Официант исчез и через секунду материализовался вновь. Вместе с ним материализовалась крохотная чашечка кофе.

Уважаемый господин пригубил чашечку и облизнул губы:

— Сколько привез? — это разговор зашел о делах.

— Под завязку… — Йыги подвинул ногой под столом в сторону собеседника контейнер. — Там все, как обычно. Тот же консервант…

— Хорошо, — уважаемый господин удовлетворенно кивнул. — Оплата тоже — как обычно.

Он достал из нагрудного кармана сверток и положил его перед Йыги. Молодой человек, однако, не спешил убрать сверток со стола. Он был уверен, что этот сверток не сдует сквозняком.

Уважаемый господин поинтересовался:

— Как там таможня? Лишних вопросов не имеют?

Йыги улыбнулся, ему так нравился рыбный суп:

— Таможня — это только вывеска. Причем для дураков. Таможня разучилась разговаривать. Она только смотрит. И меня уже хорошо знает. Таможня радуется, когда в очередной раз видит меня.

— Ты молодец — подобрал к ним ключик, — похвалил пожилой господин.

— К сожалению, я не оригинален, — Йыги уже скреб ложкой по дну горшочка. — Мой ключик известен с древности… Ручку позолотить… Сначала был талер, потом его стали называть далер, и вот он уже — доллар.

— Любопытно знать, как процесс проходит? Технически…

Йыги вскинул на собеседника удивленные глаза:

— Я же не спрашиваю, как происходит ваш процесс, технически… — тут Йыги показалось, что он неоправданно груб к этому пожилому господину, поэтому в качестве компенсации решил все-таки приоткрыть завесу тайны. — Ну как это происходит!.. Проще простого! Он — то есть таможенник, — открывает контейнер и видит сотенную бумажку. А кроме сотенной бумажки, он ничего уже не видит. — Йыги промокнул губы салфеткой, бросил взгляд на башни вдалеке, на купола храма. — Я же говорю, что у них от пяти органов чувств только зрение осталось. Остальные атрофировались за ненадобностью. А к глазам два придатка — загребущие руки…

— Ты о наших или о русских?

— Без разницы… Национальность никак не влияет на стремление к стяжательству — и наоборот. Все они на таможне подбираются микроцефалы: микроцефалы-эстонцы и микроцефалы-русские…

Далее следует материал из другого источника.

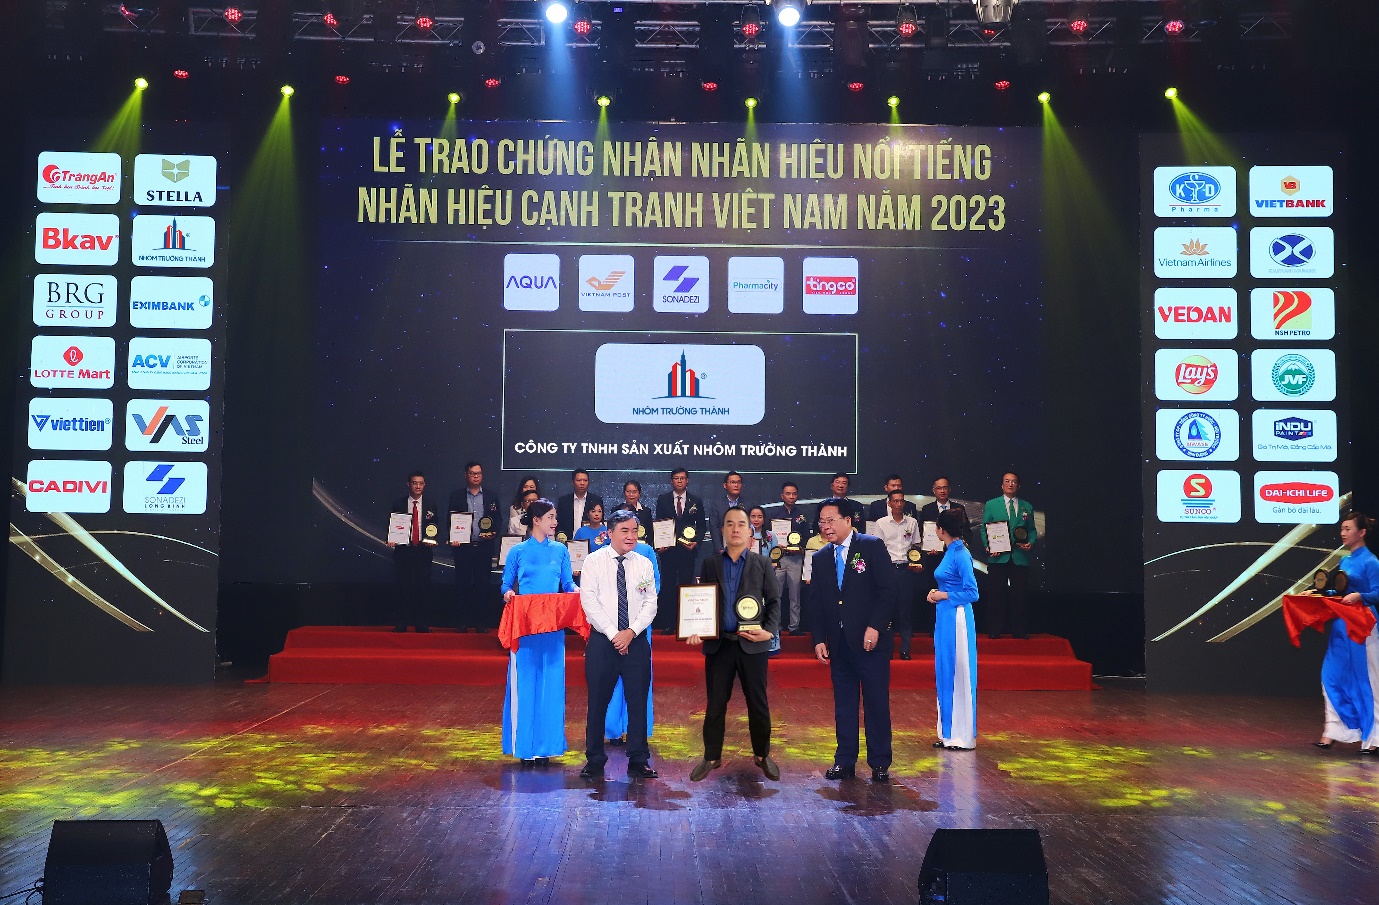 Nhôm Trường Thành - dòng nhôm “quốc dân” vinh dự lọt top 10 nhãn hiệu nổi tiếng Việt Nam ngành Xây dựng 2023 - 1

Йыги сунул сверток в карман брюк.

Пожилой господин припомнил:

— Кстати! Насчет национальности… У заказчика есть пожелание… Я не буду вдаваться в подробности, поскольку сам в них не силен, но, оказывается, есть какая-то разница — на биологическом уровне… Предпочтительно, чтобы товар поступал… как бы это выразиться поточнее!.. славянского происхождения.

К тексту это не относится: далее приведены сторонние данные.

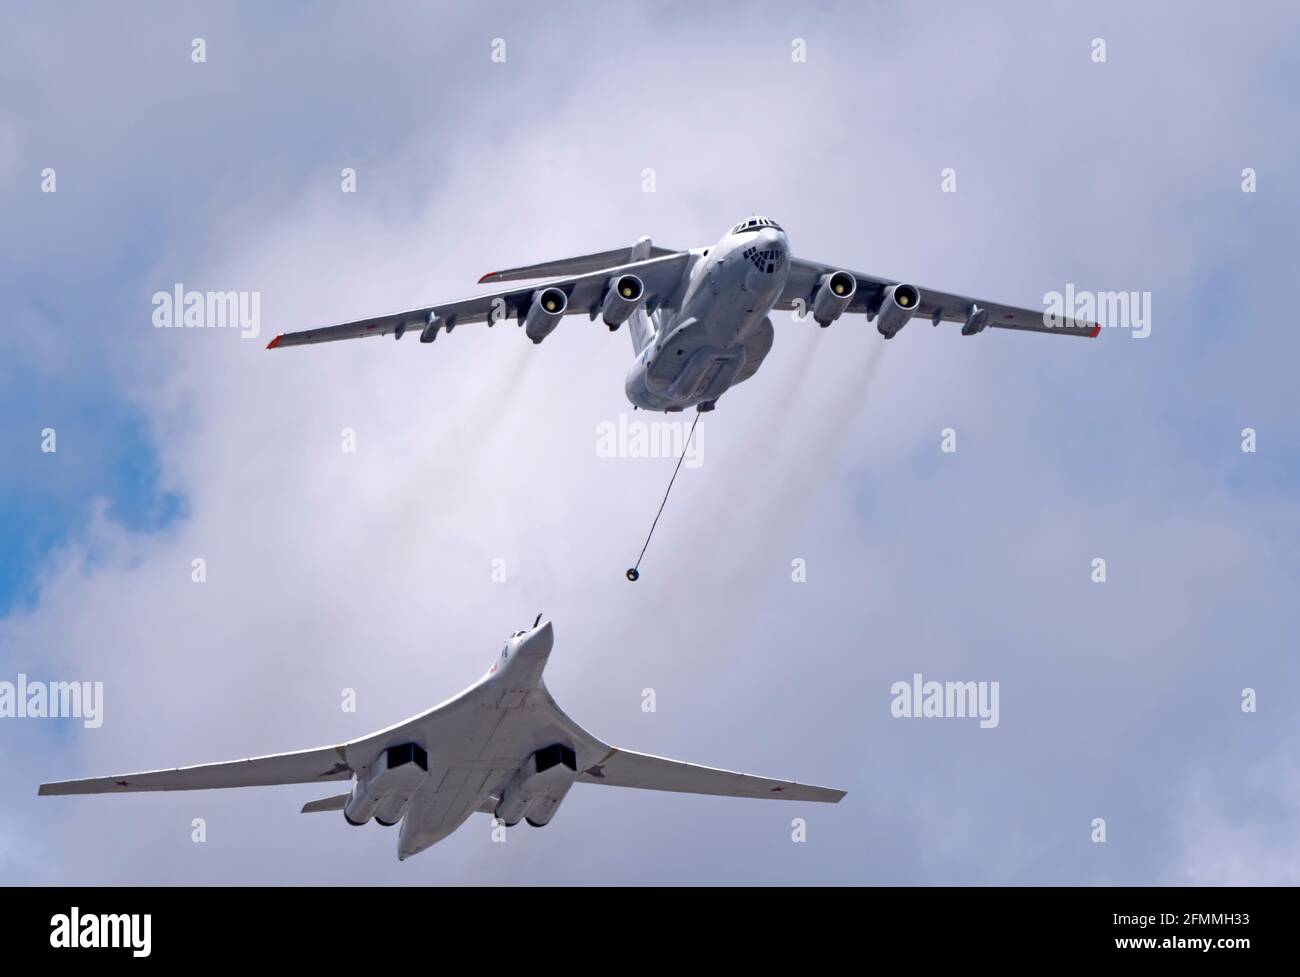 MOSCÚ, RUSIA - 7 DE MAYO de 2021: Desfile de Avia en Moscú. El buque tanque Ilyushin Il-78 y la plataforma estratégica de bombarderos y misiles Tu-160 en el cielo en el desfile de VI Foto de stock

— Вот как! — удивился Йыги.

— Я тоже был удивлен, — кивнул пожилой господин. — Оказывается, существует некий потенциал народа. Взять, например, евреев — это очень старый народ с почти исчерпанным потенциалом. Они уже сделали свою историю, как ее сделали когда-то египтяне, греки, финикийцы, а еще раньше — полулегендарные атланты… Так мне объяснили.

— А славяне?

— Славяне — сравнительно молодой народ. Имеются в виду восточные славяне. Потенциал их очень высок. И хотим мы того или не хотим — они еще скажут свое слово в истории. Все остальные просто будут вынуждены оглядываться на них…

Йыги недоумевал:

— А какое отношение это имеет к…

— Говорят, что есть исследования… У них высок биологический потенциал. Меня не посвящали в детали… но уверяли, что ткани и органы славянского происхождения отличаются от других более высокой выживаемостью и приспособляемостью… За ними будущее, — пожилой господин развел руками. — Так распорядилась природа…

— А эстонские ткани и органы?.. — в душе Йыги взыграл патриотизм.

— Об этом не было разговора, — пожилой господин опять пригубил чашечку и облизнул губы. — Значит, договорились: не евреи, не татары, не тем более лица кавказской национальности, а именно славяне…

Йыги кивнул:

— Пожелание заказчика — закон. Но удивительно вообще-то!..

Уважаемый господин взял из-под стола контейнер и, не прощаясь, покинул кафе.


Вика и Артур сидели на кухне и пили чай. Артур принес заварные пирожные, которые так любила Вика. У обоих было хорошее настроение. За окном уже начинали сереть сумерки, но хорошо были видны белокрылые чайки, летающие над каналом.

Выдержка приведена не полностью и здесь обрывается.